En consecuencia, quedando en pausa el cierre de la primera parte de este texto que desenmascara un diagnóstico nada halagüeño, deja a expensas del lector la valoración de un mandatario inmerso en un ruido interno bullicioso, como dañina es la atmósfera que le acorrala, resistiendo a capa y espada a unos resultados que no le han favorecido.

Si la incursión insultante de Trump se eterniza, todo apunta que para el 20 de enero de 2021, fecha del juramento del cargo de Biden, no habrá reconocido su derrota.

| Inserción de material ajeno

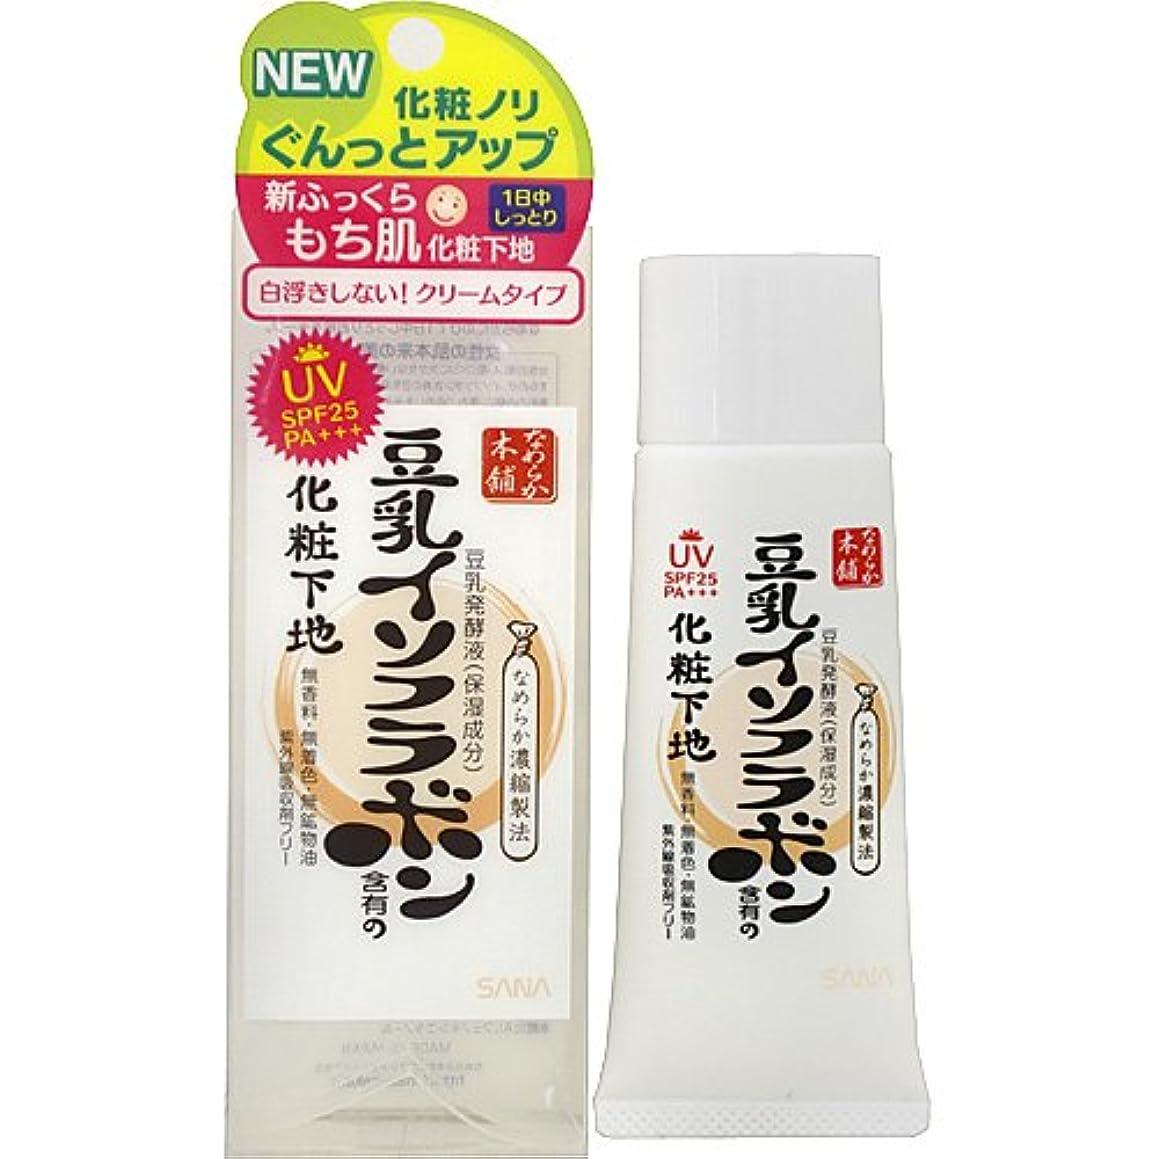 以下クレーン週間サナ なめらか本舗 豆乳イソフラボン含有のUV化粧下地N 40g x 3

Hecho sin precedentes en la Historia de los Estados Unidos de América, que a groso modo, anticipa un mar de desencuentros entre millones de ciudadanos, implorados a no creer que las elecciones fueron limpias.

El tiempo de Trump parece estar punteando un antes y un después, en una sociedad americana deteriorada ante lo real y serio de la epidemia y la utopía y oscuridad del trumpismo.

La convulsión y amotinamiento de quién debe pasar el testigo al nuevo inquilino, fuerza al equipo de transición de Biden a ser creativo para estar operativo, ante el estancamiento de la Administración de Trump, que obstruye los fondos consignados al presidente electo; e incluso, le priva de estar al corriente de los informes de seguridad y sesiones informativas.